Source material
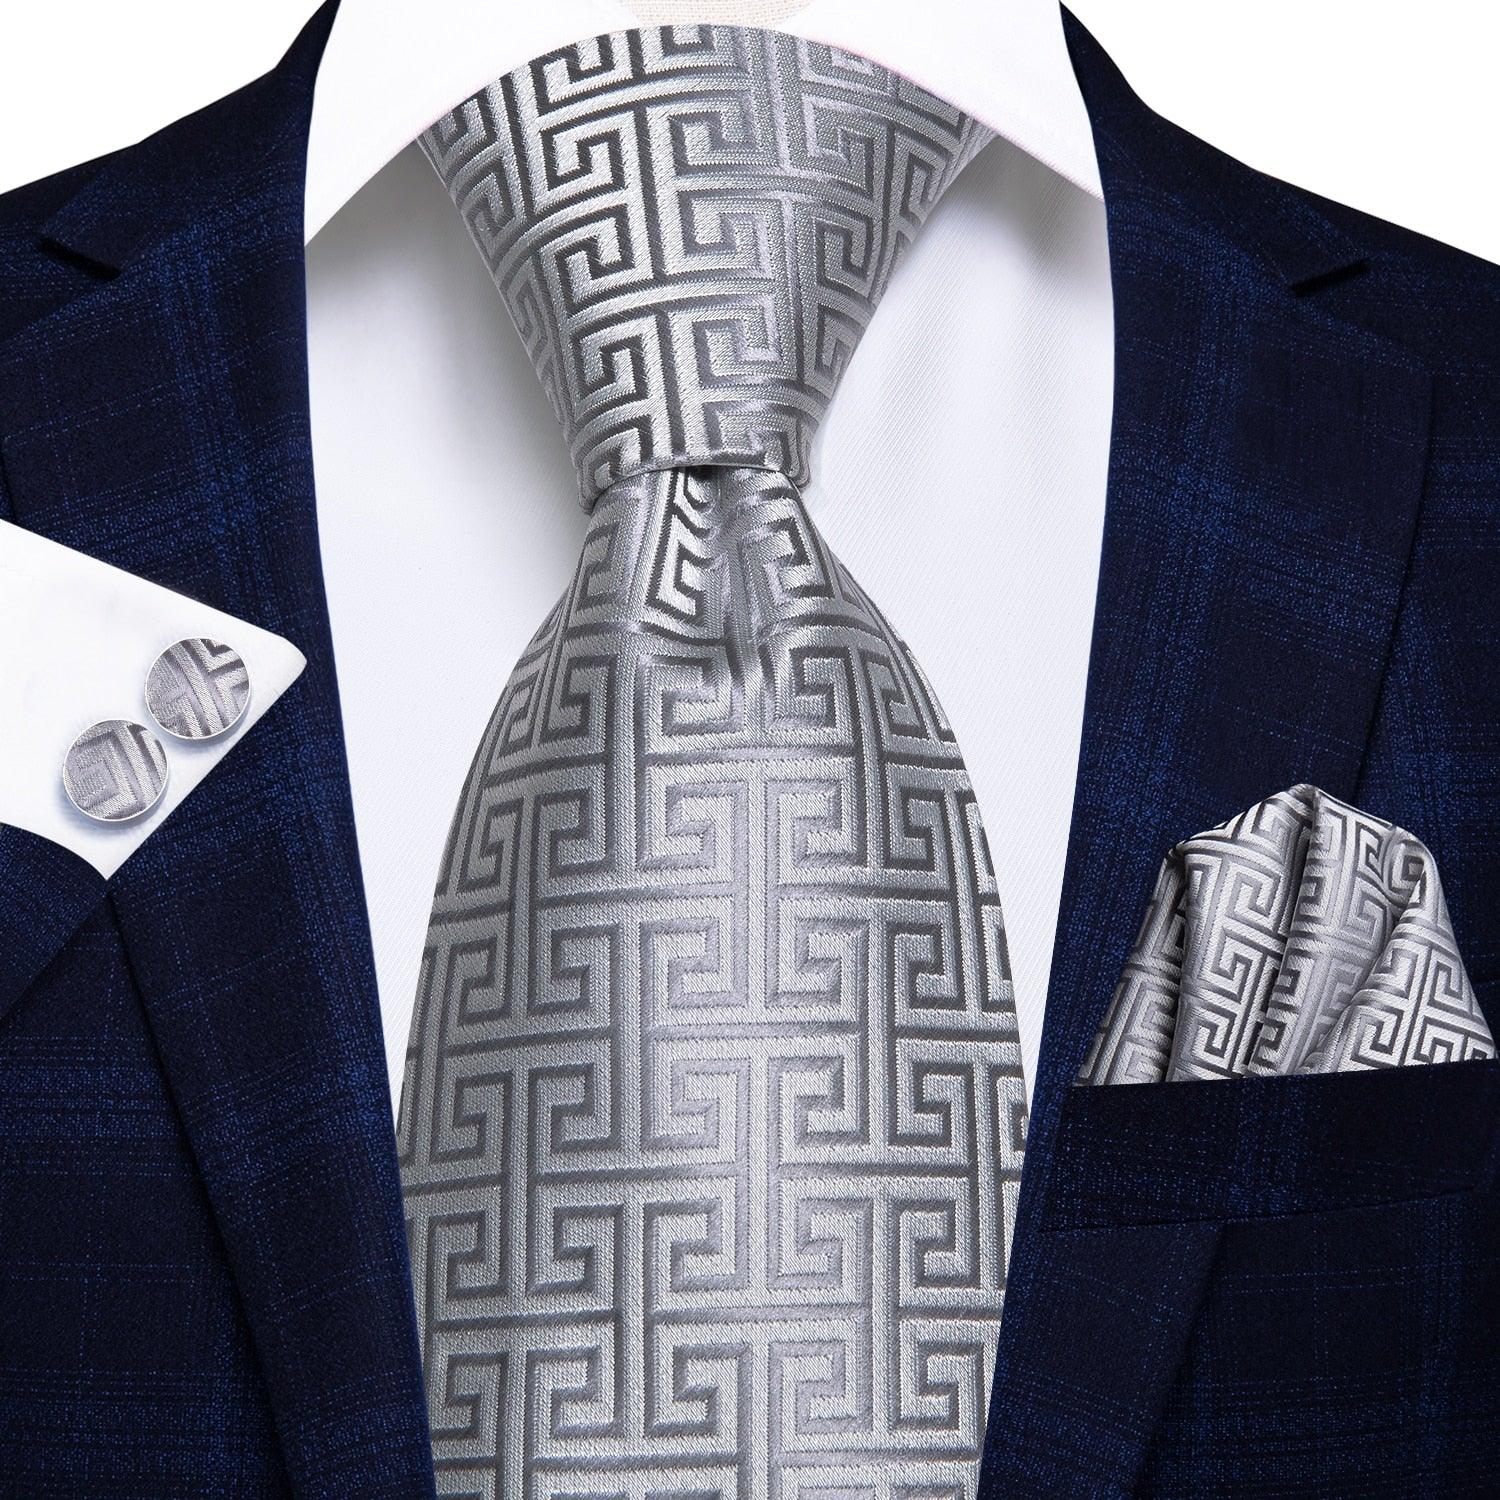 Men's Accessories - Ties Mens Formal Luxury Wedding Neckties Gravatas 100% Silk
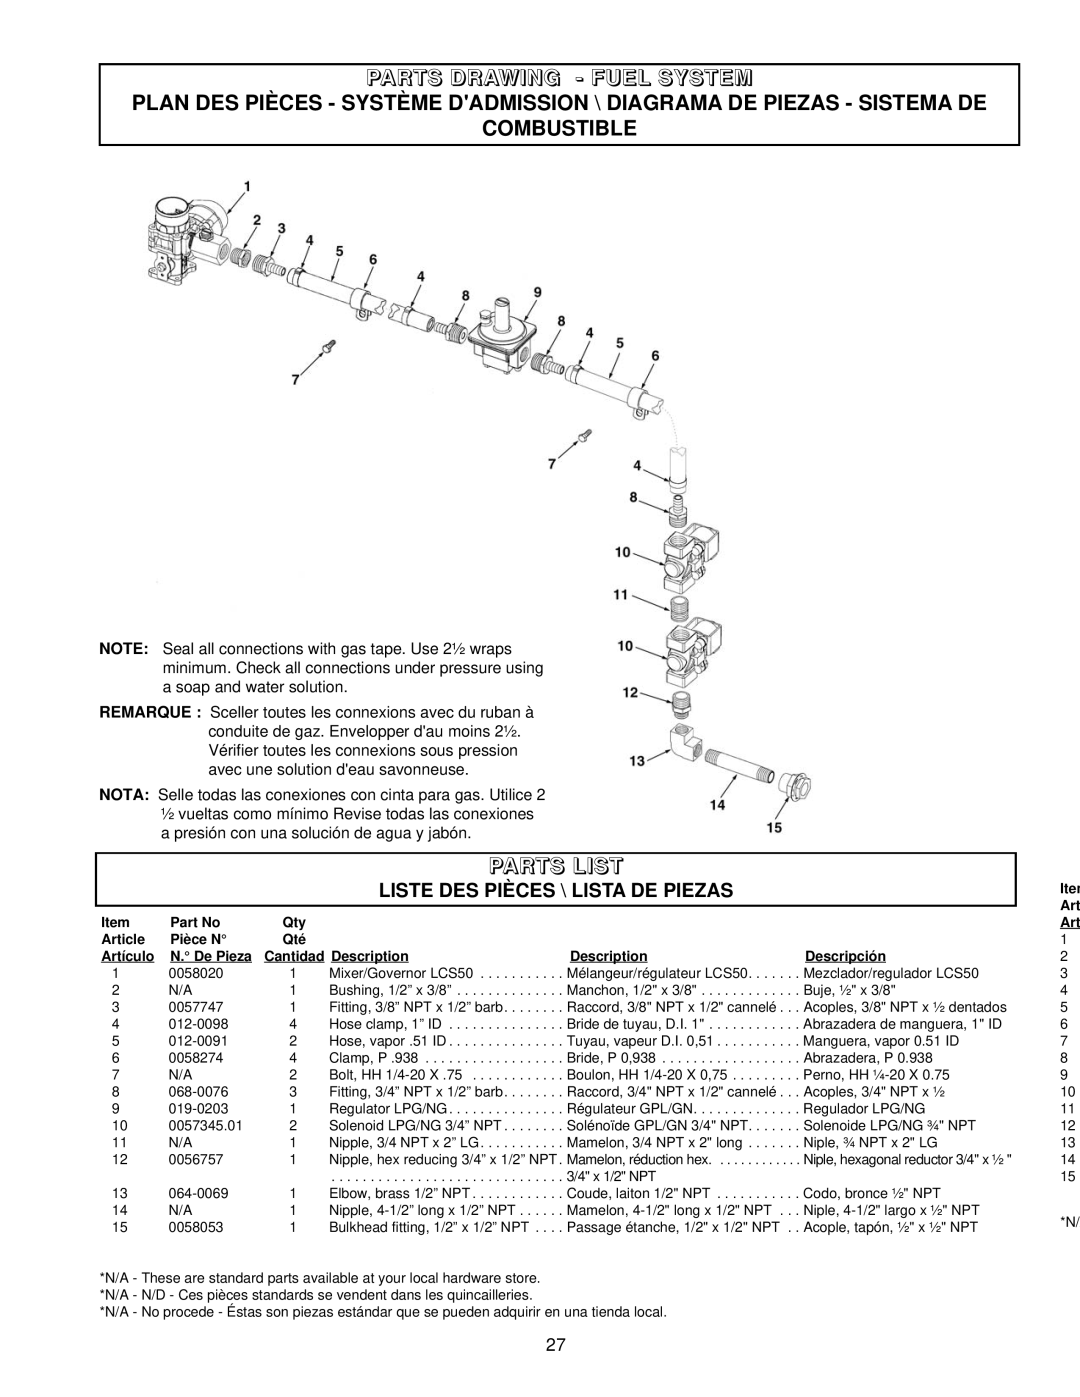 Coleman PM402511 owner manual Parts Drawing - Fuel System, Combustible, Parts List, Liste Des Pièces \ Lista De Piezas 
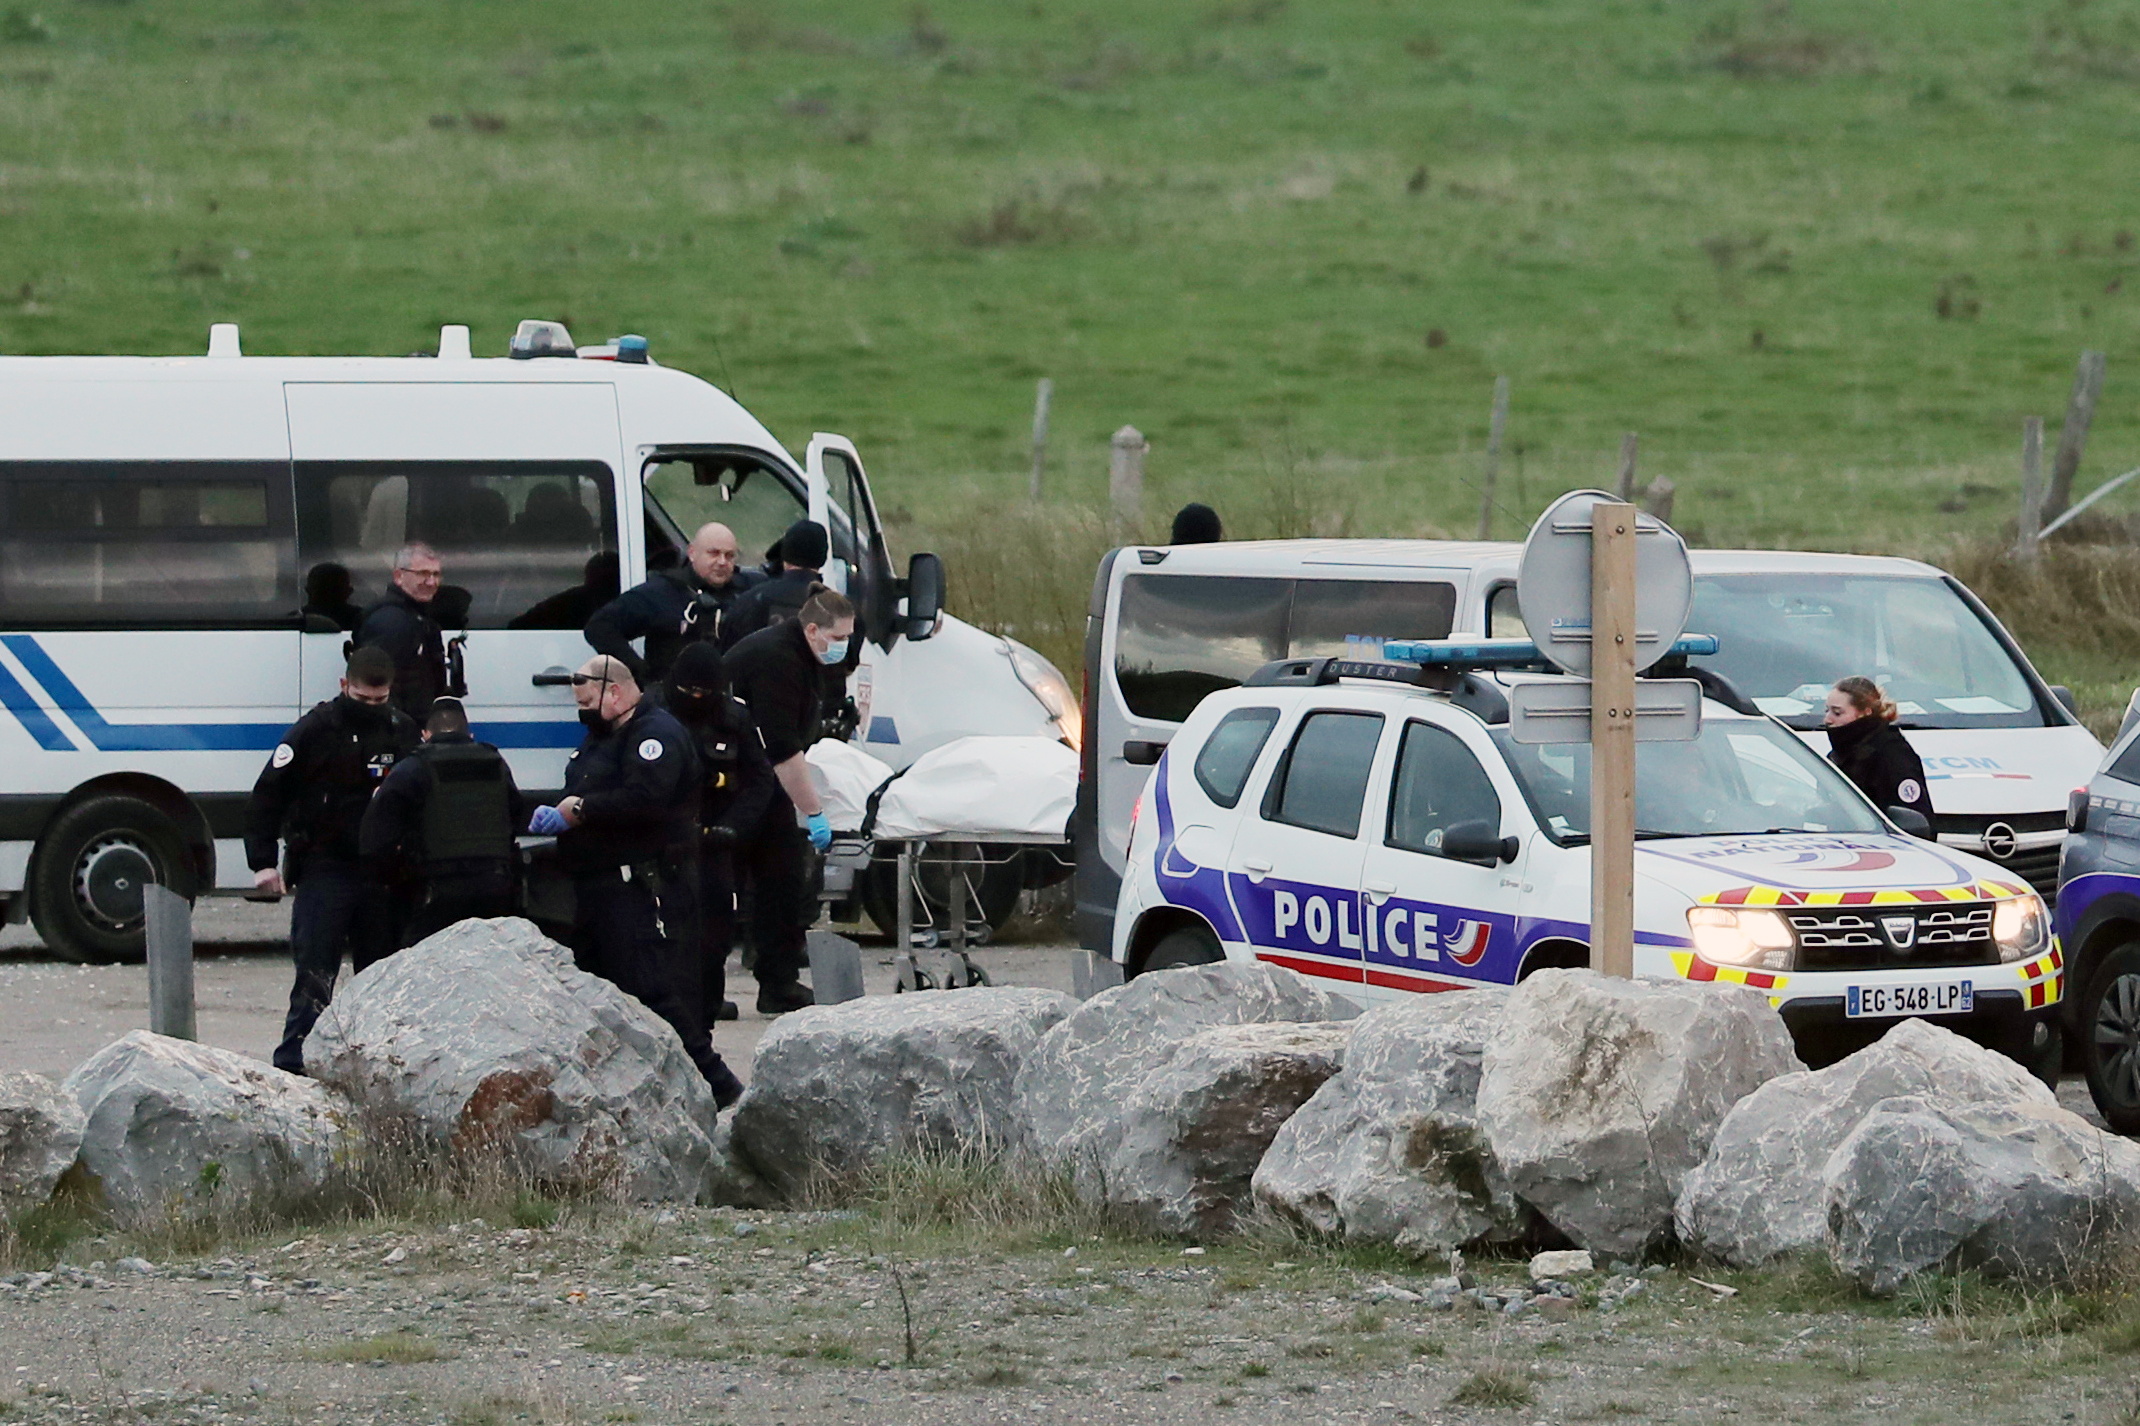 Atentado fallido en Francia: una mujer quiso arrollar a varios vehículos al grito de “Alá es grande”

Work order
Drop the pictures; repeat the listing above exactly.

Solution to this task
 Men's Accessories - Ties Mens Formal Luxury Wedding Neckties Gravatas 100% Silk
 Coleman PM402511 owner manual Parts Drawing - Fuel System, Combustible, Parts List, Liste Des Pièces \ Lista De Piezas 
 Atentado fallido en Francia: una mujer quiso arrollar a varios vehículos al grito de “Alá es grande”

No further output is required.